July 2004
By Luis S R Vas
Several contemporary christian thinkers have delved deep into spirituality, often dialoguing with other faiths and imbibing from the indian heritage
Anthony De Mello
When Bombay-born Fr. Anthony de Mello died of a heart attack at Fordham University, USA, at the start of a lecture trip across the US in 1987 at the age of 56, his numerous admirers were stunned and aghast. De Mello was at the height of his powers. Readers were lapping up his books which straddled eastern and western spirituality for the first time in a way that was accessible to people everywhere. Sadhana, a virtual transcript of a workshop on vipassana meditation, was his enduring best seller. His other books included The Song of the Bird, One Minute Wisdom and Wellsprings. The first two were collections of transformative stories and the last a collection of exercises in the mould of Sadhana.
De Mello’s admirers were somewhat relieved when they learnt that he had left with his publishers Gujarat Sahitya Prakash a manuscript collection of more stories which were later published as The Prayer of the Frog in two volumes. Later two more manuscripts surfaced: Contact with God ( a collection of conferences), One Minute Nonsense (some more stories) and The Call to Love.
As Fr de Mello’s popularity mounted, 10 years after his death the Vatican’s Congregation for the Doctrine of Faith (CDF) woke up and issued a notification warning of the dangers of de Mello’s work which it declared “incompatible with the Catholic faith” and a cause of “grave harm”.

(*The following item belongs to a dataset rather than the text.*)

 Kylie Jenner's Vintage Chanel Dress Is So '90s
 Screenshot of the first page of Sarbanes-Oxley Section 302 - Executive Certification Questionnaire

Fr. David Toolan S.J., a Jesuit editor, wrote: “In my judgment, Father de Mello’s Sadhana remains the best Catholic ‘how to’ book for someone looking for instruction in methods of prayer. Some of de Mello’s early texts, the CDF acknowledges, ‘can be helpful in achieving self-mastery, in breaking the bonds and feelings that keep us from being free, and in approaching with serenity the various vicissitudes of life’. But overall de Mello’s writings are said to exhibit a ‘progressive distancing from the essential contents of the Christian faith’. Particularly objectionable, it is alleged, are his concept of the unknowability and cosmic impersonality of God, his sense of Jesus ‘as a master alongside others’, a preference for ‘enlightenment’, criticism of the church, and an excessive focus on this life rather than life after death. Bishops were ordered to ensure that the offending texts are withdrawn from sale and not reprinted.”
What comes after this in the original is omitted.